Я разыскал в сарае цепи. Они были противны даже на ощупь — в рыжей мокрой ржавчине, прилипающей к рукам.
Я приколачивал цепи к крыльцу огромными двенадцатидюймовыми гвоздями и вдруг заметил: никак не могу совладать с гримасой брезгливости на лице.
— Вы уж простите меня, ребятишки! — сказал я псам, пристегивая цепи. — Это ненадолго. Для вашей же пользы. Сами будете потом кланяться и благодарить.
Собаки никак не протестовали. С грустным любопытством обнюхали оковы. Джек, конечно, пару раз дернулся — к вороне, которая, быстро сообразив, что происходит, слетела с яблони и начала расхаживать под носом у собак, явно издеваясь и злорадствуя.
Убедившись, что цепи крепки, Джек маленько поскулил, но, поскольку дело было к вечеру, полез под крыльцо.
Братишка забрался туда сразу. Может, для того, чтобы обдумать новую жизненную ситуацию. А может, просто решил с присущей ему философичностью, что утро вечера мудренее.
Наутро жена разбудила меня чуть не плача:
— Скорее! Посмотри, что с ними! По-моему, они мертвые!
Они действительно лежали как два трупа, мордой к морде. И уже — едва дышали.
Как они умудрились так перепутаться цепями, ума не приложу. Они чуть не задушили друг друга. Лежали, мертвецки измученные, и были такие незнакомо-грустно-покорные, что я чуть не пустил слезу, когда освобождал их от оков.
Федька крутился рядом. Обнюхивал то одного, то другого собрата. Был растерян, взволнован и преисполнен самого искреннего, хоть и бестолкового, участия. Вдруг сорвался и сломя голову бросился на соседский участок, где он недавно обнаружил под снегом залежи восхитительного коровяка, и вскоре примчался назад, неся огромную мерзлую лепеху. С ложной скромностью положил ее перед собаками и очень, кажется, был поражен равнодушием, с каким отнеслись они к этому царскому, без сомнения, подарку.

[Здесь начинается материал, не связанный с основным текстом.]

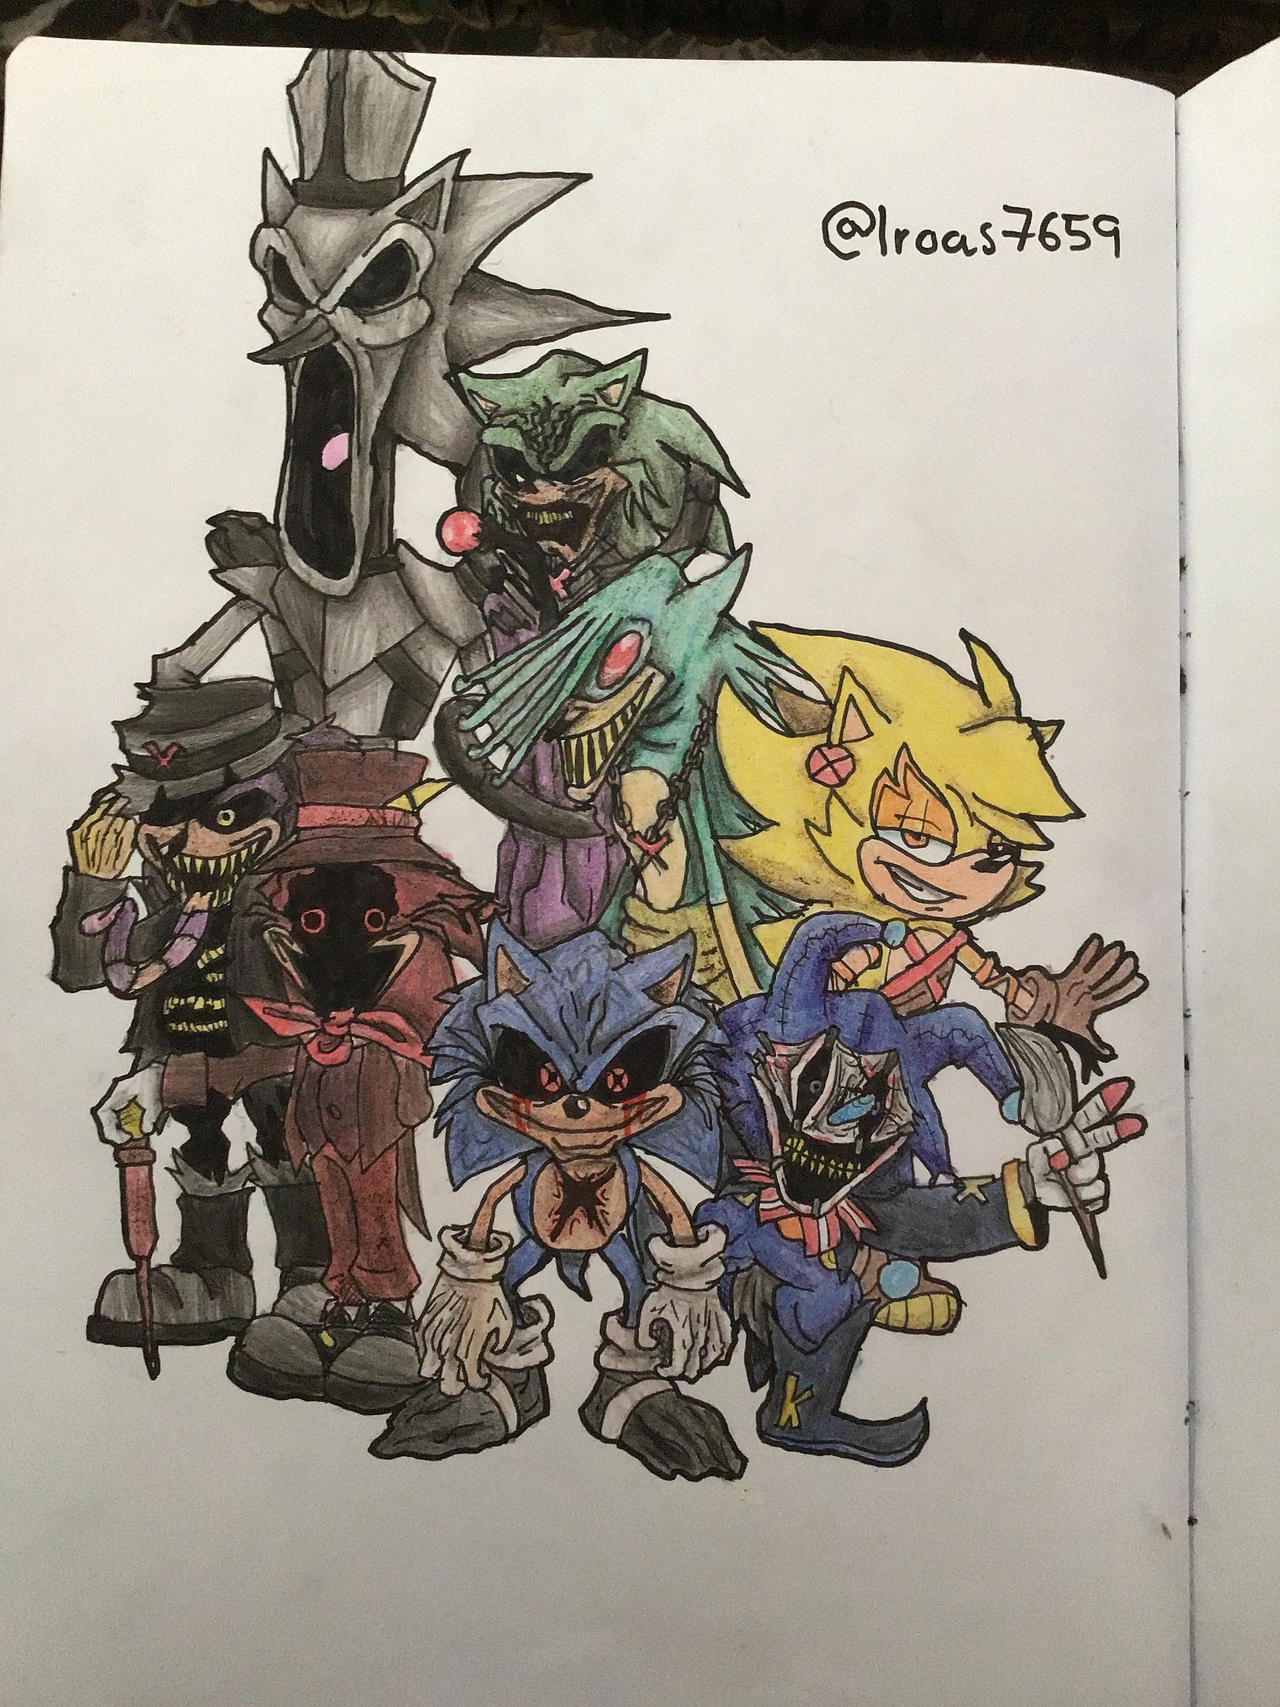 Lord X and his guardians by Iroas7659 on DeviantArt
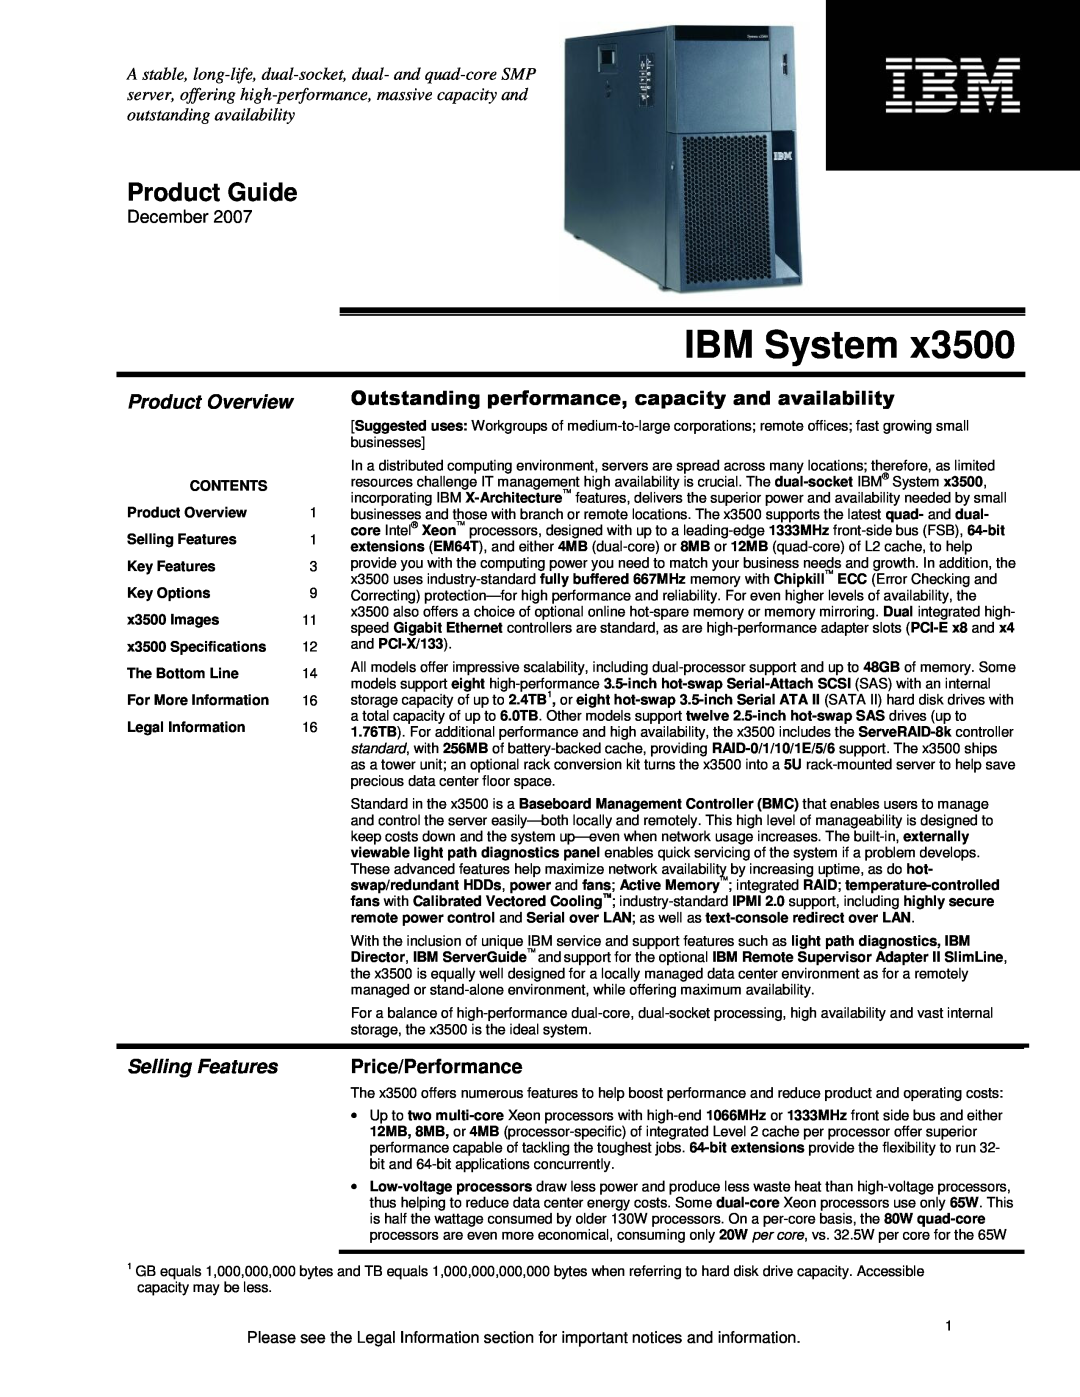 IBM X3500 specifications Product Overview, Selling Features, Price/Performance, December, IBM System, Product Guide

Что там Федькина лепеха! Они и похлебку-то в то утро едва ели. Вычистили миски до обычного блеска, но — скучно хлебали, без энтузиазма, без азарта.
Они поели, и я снова посадил их на цепь.
„Пусть считают меня, каким угодно негодяем и садистом! Пусть после этого даже лапы мне не подадут (все равно не умеют)! Пусть обегают наш дом стороной! Но я свершу эту жестокость… Они отсидят у меня как миленькие ровно столько, сколько нужно для их же безопасности!“ — так твердил я себе. Твердил тем более горячо и убежденно, что, когда они понуро хлебали свой завтрак, я отчетливо услышал: на дальнем конце поселка раздался в ы с т р е л.
* * *Я пошел искать стрелявших. (Жене сказал, что за сигаретами.) Не знаю, что именно я хотел. Я взял с собой, помню, деньги.
Хотел напоить, что ли, до поросячьего визга этих охотников за скальпами. А потом показать им Джека с Братишкой и попросить не трогать… Не знаю. Может быть. Сейчас мне кажется, что больше всего мне хотелось единственного — увидеть их в лицо.
Невыносима, тягостна была опасность — именно безликая! Она была, бродила где-то вокруг нас, эта опасность, мы ее чувствовали, а увидеть воочию не могли!
Но я никого не нашел. И выстрелов больше не было. А когда я вернулся, Джек с Братишкой снова валялись у крыльца полузадушенные и смирные. Джек, вокруг шеи которого цепь захлестнулась петлей, уже хрипел…
Я снова терпеливо разобрался в их кандалах. Устало разобъяснил Джеку, что сидение на цепи — дело ответственное и серьезное, несовместимое с прыжками и ужимками вольной жизни, к которой он, обалдуй, привык.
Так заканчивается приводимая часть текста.